第5話 アトラスタイラントっぽい強そうな蛇



 木々の間から、目標であろう存在を見る。

 そこには恐らく"10m"を越えるであろう長さの丸太のような体躯をとぐろを巻くようにして寝ている蛇。

 そして表面をおおう鱗は"青みがかった橙色"をしており、一目で危険だと理解できる。

 ライトは一通りアトラスタイラントらしき蛇を見て、



「何か違くない?」



 と小さく呟く。

 依頼書と一緒に見せてもらっていた写真や情報とは全然一致していない。

 写真のアトラスタイラントは"緑がかった橙色"の鱗で、体長は"5m"程と書かれていた。

 その二つの情報両方とも目の前の個体には当てはまらない。



「でも、まあ多分アトラスタイラントではあるだろう。ならることは決まっている」



 多少違っても問題ないと決める、ライト。

 それで良いのかと思う、がアレはアレで何かしらに害になるであろうことは見ただけで分かる、だからこそ別に問題はない。

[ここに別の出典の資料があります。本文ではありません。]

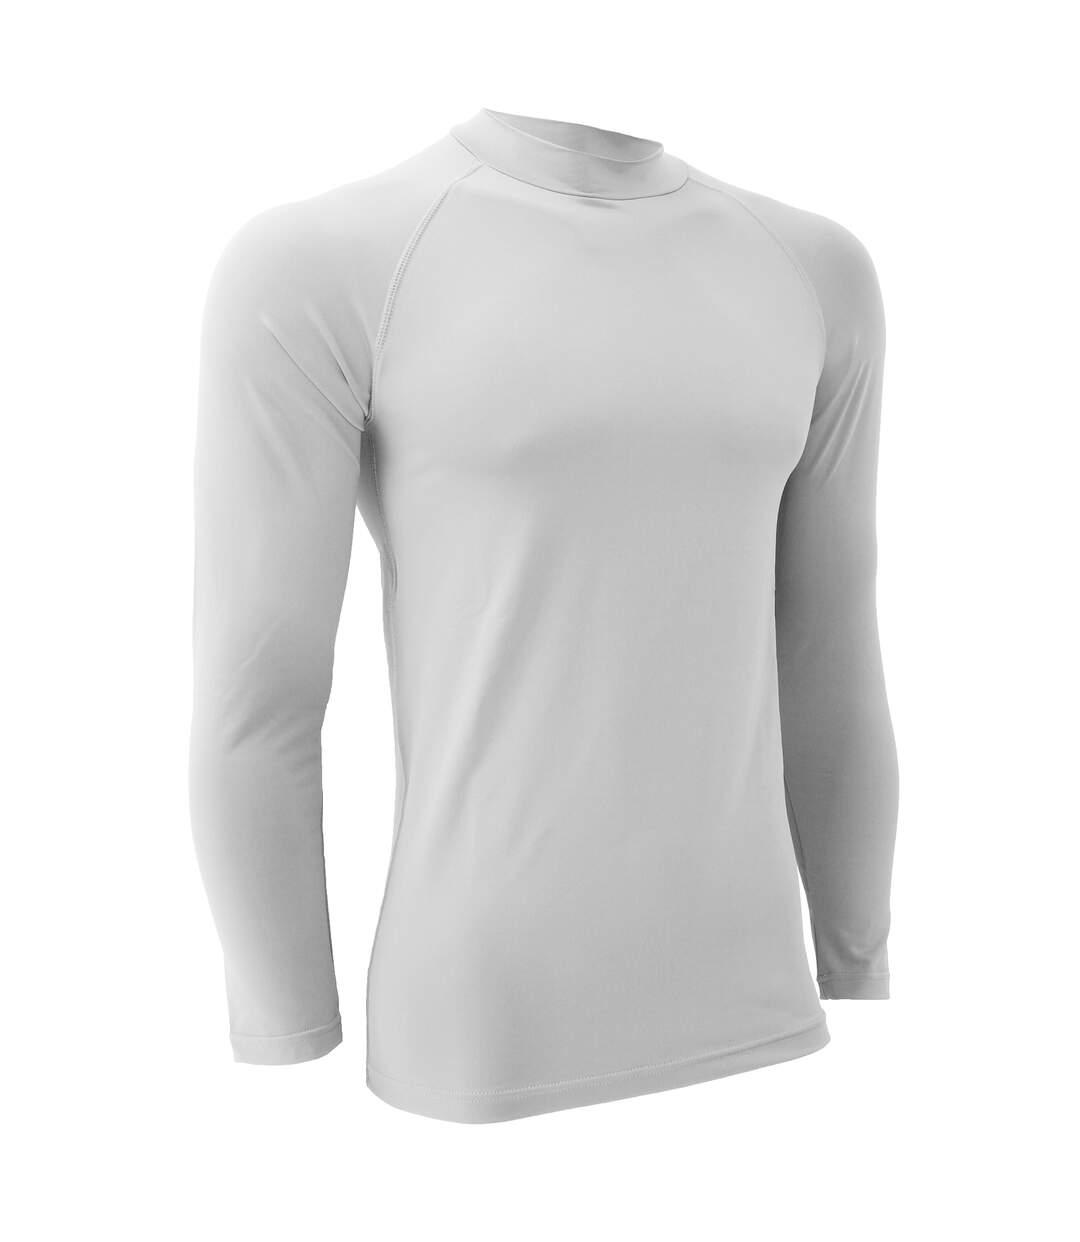 Finden & Hales Mens Sports Long Sleeve Team Baselayer Vest (White) - UTRW411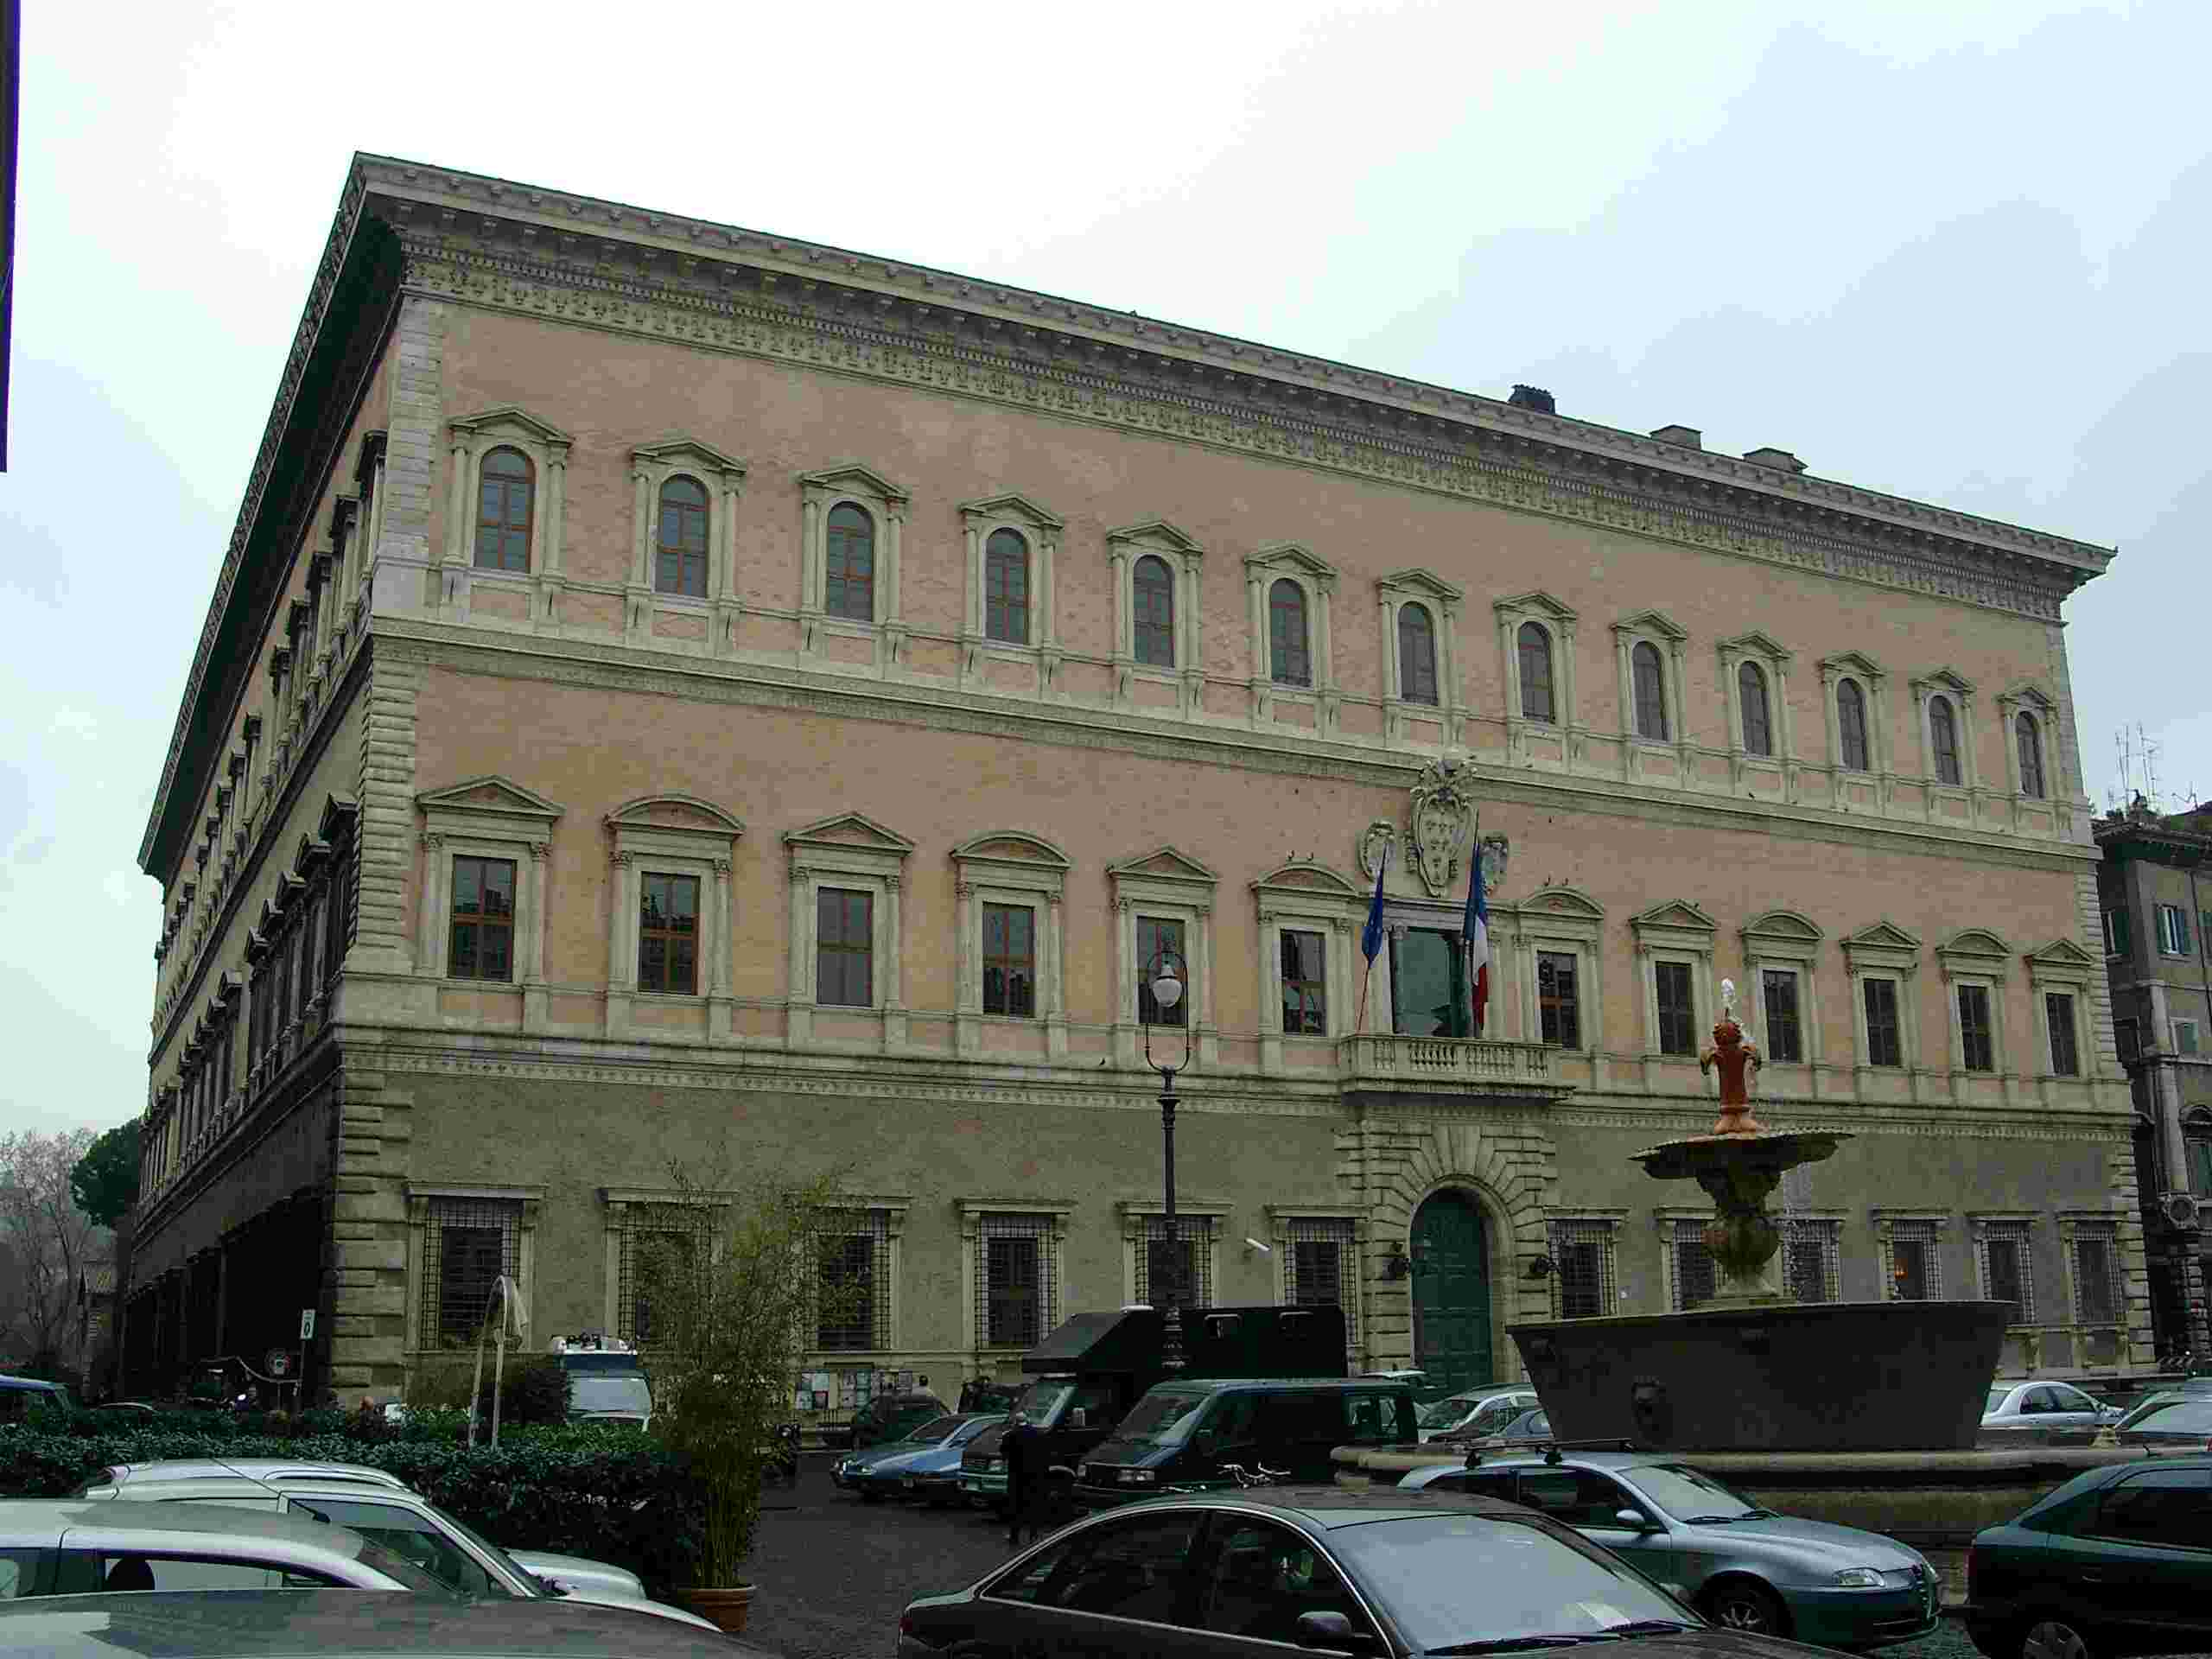 palazzo farnese - photo #12

 覚悟を決め、息を殺しながら、ゆっくりとその蛇との距離を詰める。

 蛇は今だ寝たまま、殺すには絶好の状態だ。

 ジリジリと、蛇が起きないように近付き続け、後1mまで来たところで足を止める。



「………」



 音をたてないように、イグニティを引き抜き、自然体で構え、足に力をめる。

 蛇の頭の位置は地面から2m程、確実に仕留めるならば、跳躍は不可欠。

 観察しそのまま、しゃがみ更に足に力を籠め、ながら魔力を全身に巡らせる。

 そして、



「ふぅ~……ッ!」



 溜めた力を一気に解放し、跳躍する。

 隣で膨れ上がった気配に蛇はカッと目を見開くが、時すでにお寿司。

 軽々と頭部の高さ以上へと跳んだライトは両手でイグニティを持ち、魔力を流しながら、



《気配遮断-剣術:初級-怪力》



 上段から一気に振り下ろす。

 剣筋は悪くはない、けれど良くもない程度だがライトの全力と全体重に魔力を乗せた一撃は、並みの冒険者達の全力をはるかに凌駕りょうがする。

 しかし、その一撃をもってしても、



「マジかっ!?」

[シャァーーーーー!!!]



 蛇の首の三分の一しか切り裂くことが出来なかった。

 その肉の硬さに驚きながらも蛇の体を蹴って飛び、距離を取る。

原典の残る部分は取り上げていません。